Description:  A win brought them together, but loss may tear them apart.

When the sound of sirens cuts through a cool fall night, the small town of Worthy, Georgia, hurtles from triumph to tragedy. Just hours before, they’d watched the Wildcats score a winning touchdown. Now, they’re faced with the deaths of three cheerleaders—their promising lives cut short in a fatal crash. And the boy in the other car—the only one to survive—is believed to be at fault. As rumors begin to fly and accusations spin, allegiances form and long-kept secrets emerge.

At the center of the whirlwind are four women, each grappling with loss, regret, shame, and lies: Marglyn, a grieving mother; Darcy, whose son had been behind the wheel; Ava, a substitute teacher with a scandalous secret; and Leah, a cheerleader who should have been in the car with her friends, but wasn’t. If the truth comes out, will it bring redemption—or will it be their downfall? (publisher)
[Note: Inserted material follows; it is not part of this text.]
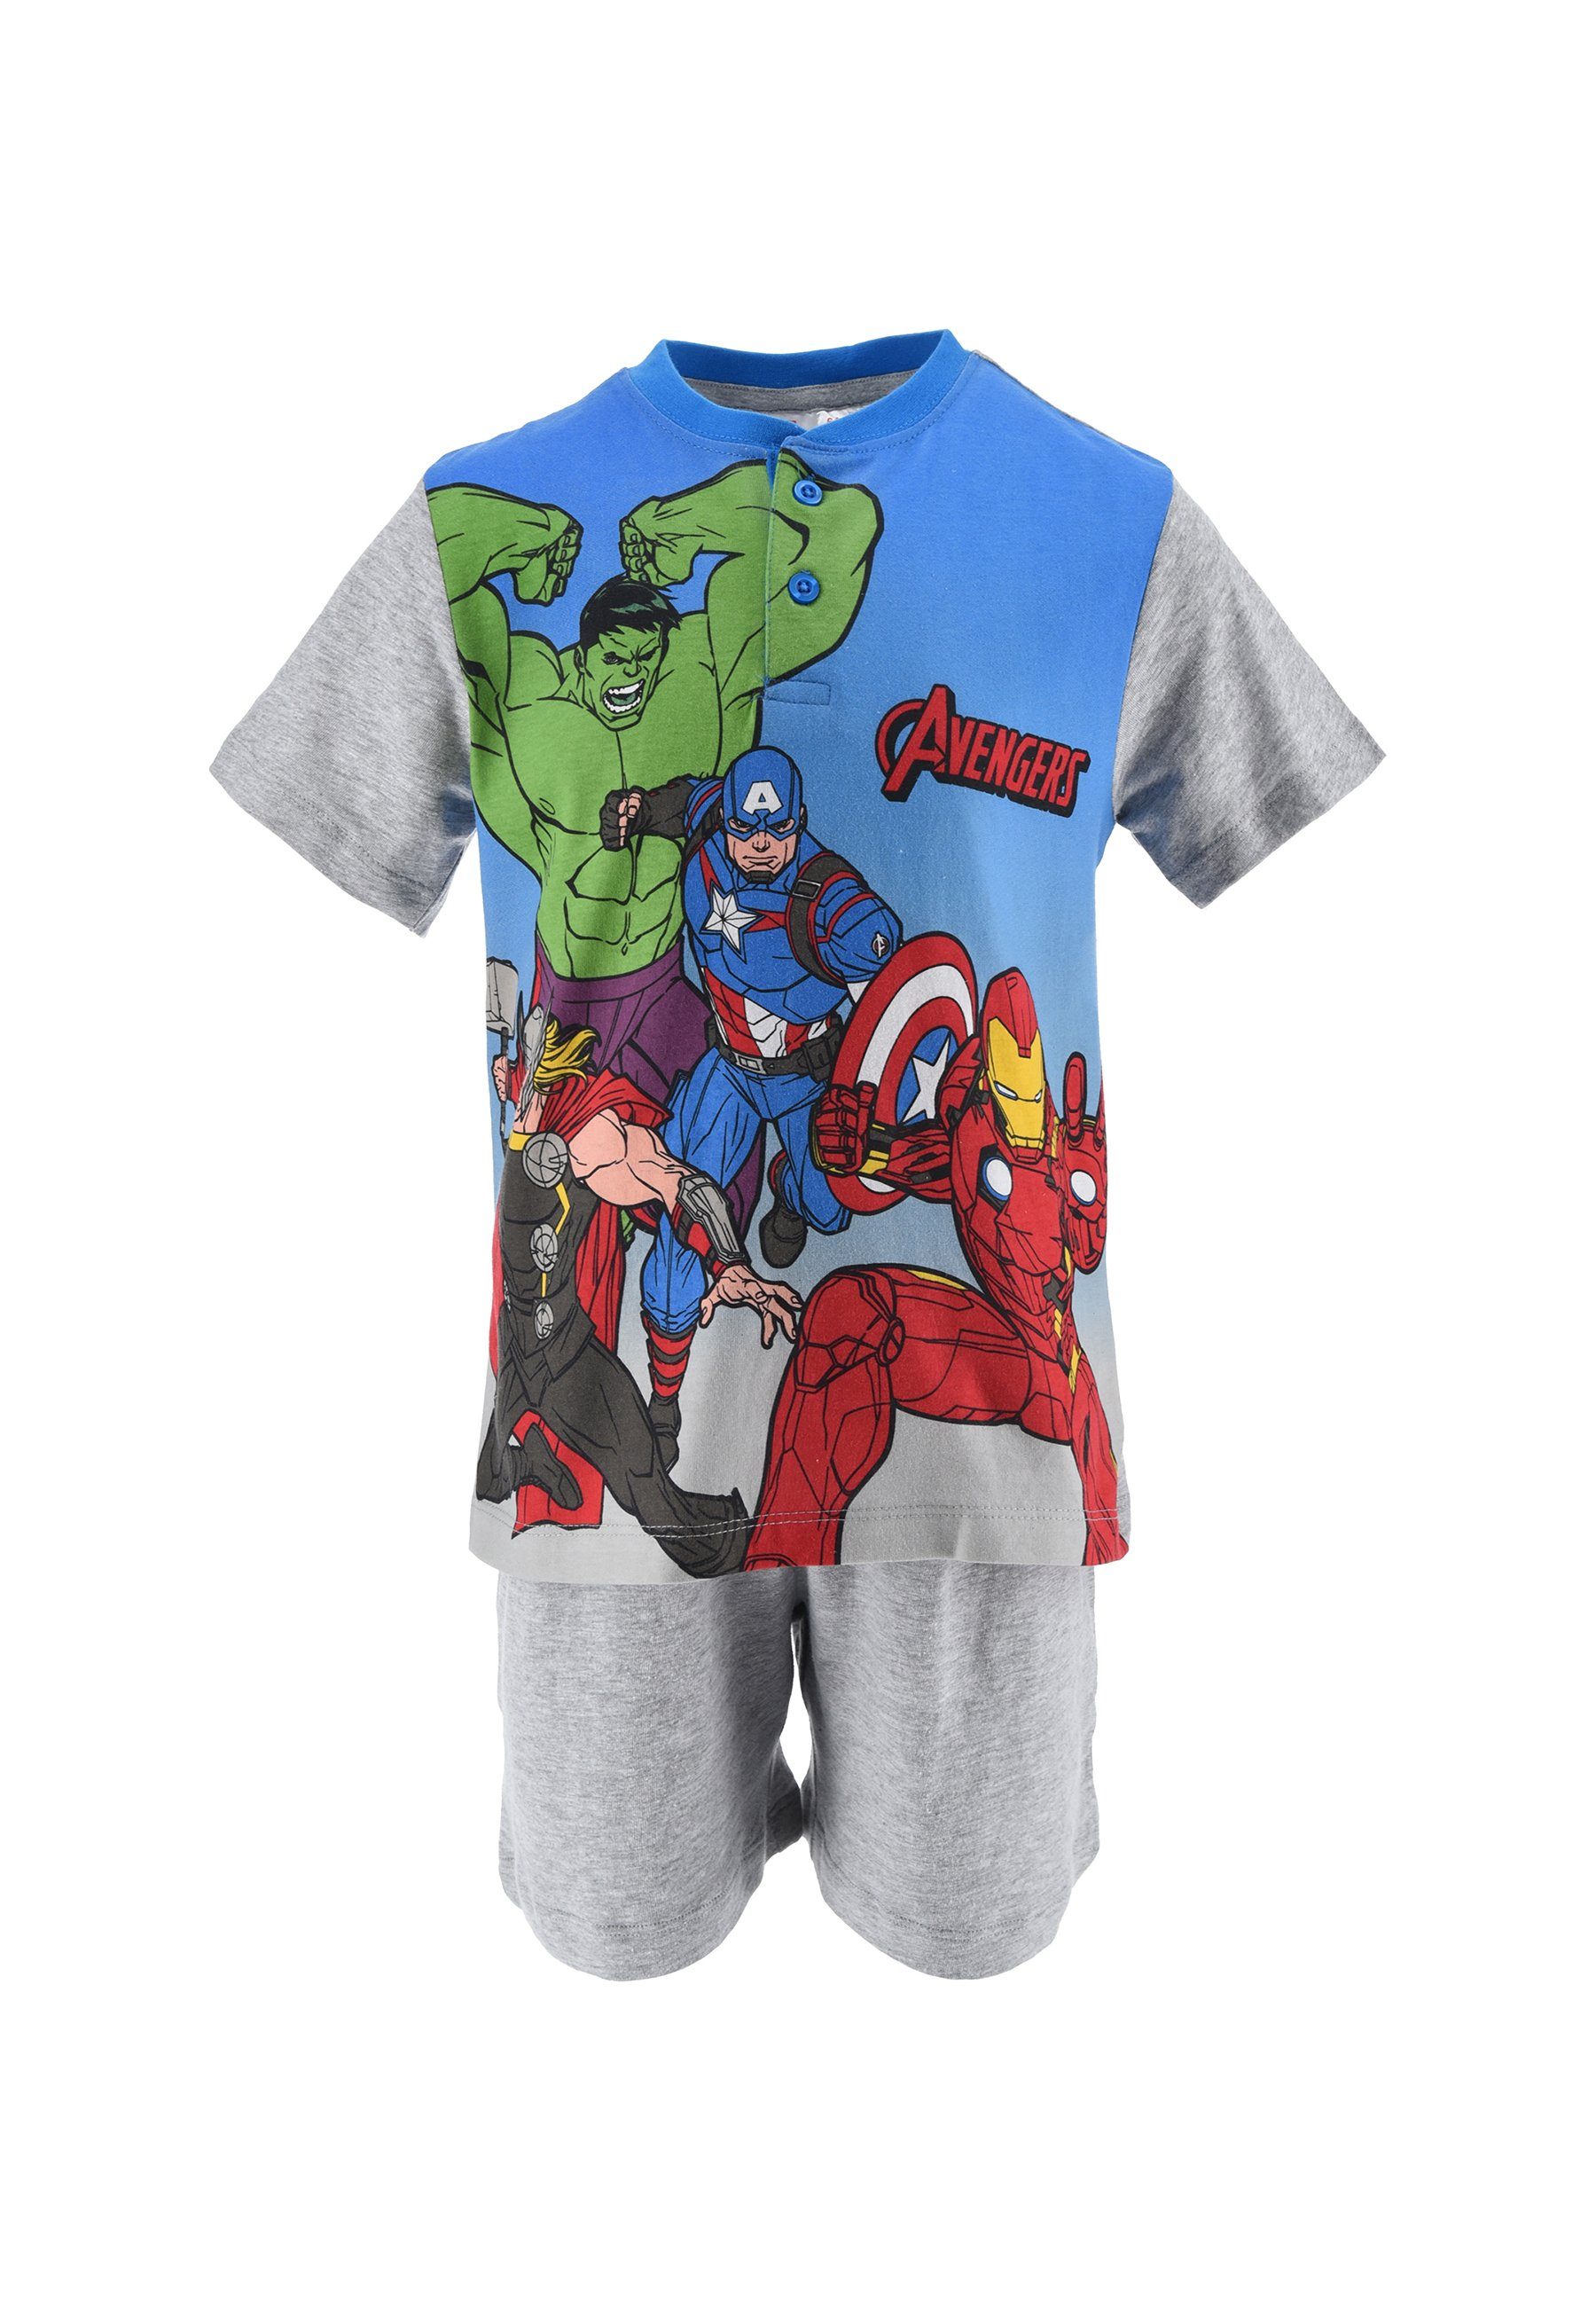 Shorty The Thor Pyjama Man Schlaf-Set Grau Hulk Iron Kinder Jungen (2 tlg) AVENGERS

My take:  It’s small town America on an autumn Friday night and the people of Worthy, Georgia are set to cheer on their high school football team. No one expects the tragic event that followed the game – an event that will affect more than those directly involved. When We Were Worthy is the story of the people left behind to grapple with what happened. And boy do they have a lot to deal with. Parents, students, and teachers all have questions that might never be answered – unless they are willing to face the truth. As a parent and as someone who went to a small town high school where football was the Friday night entertainment there was a lot to relate to in this novel. I found the plot riveting and loved how Marybeth Mayhew Whalen developed her characters via the short chapters. I especially loved the Emily Dickinson references that were interspersed throughout the novel. Recommended to fans of contemporary fiction.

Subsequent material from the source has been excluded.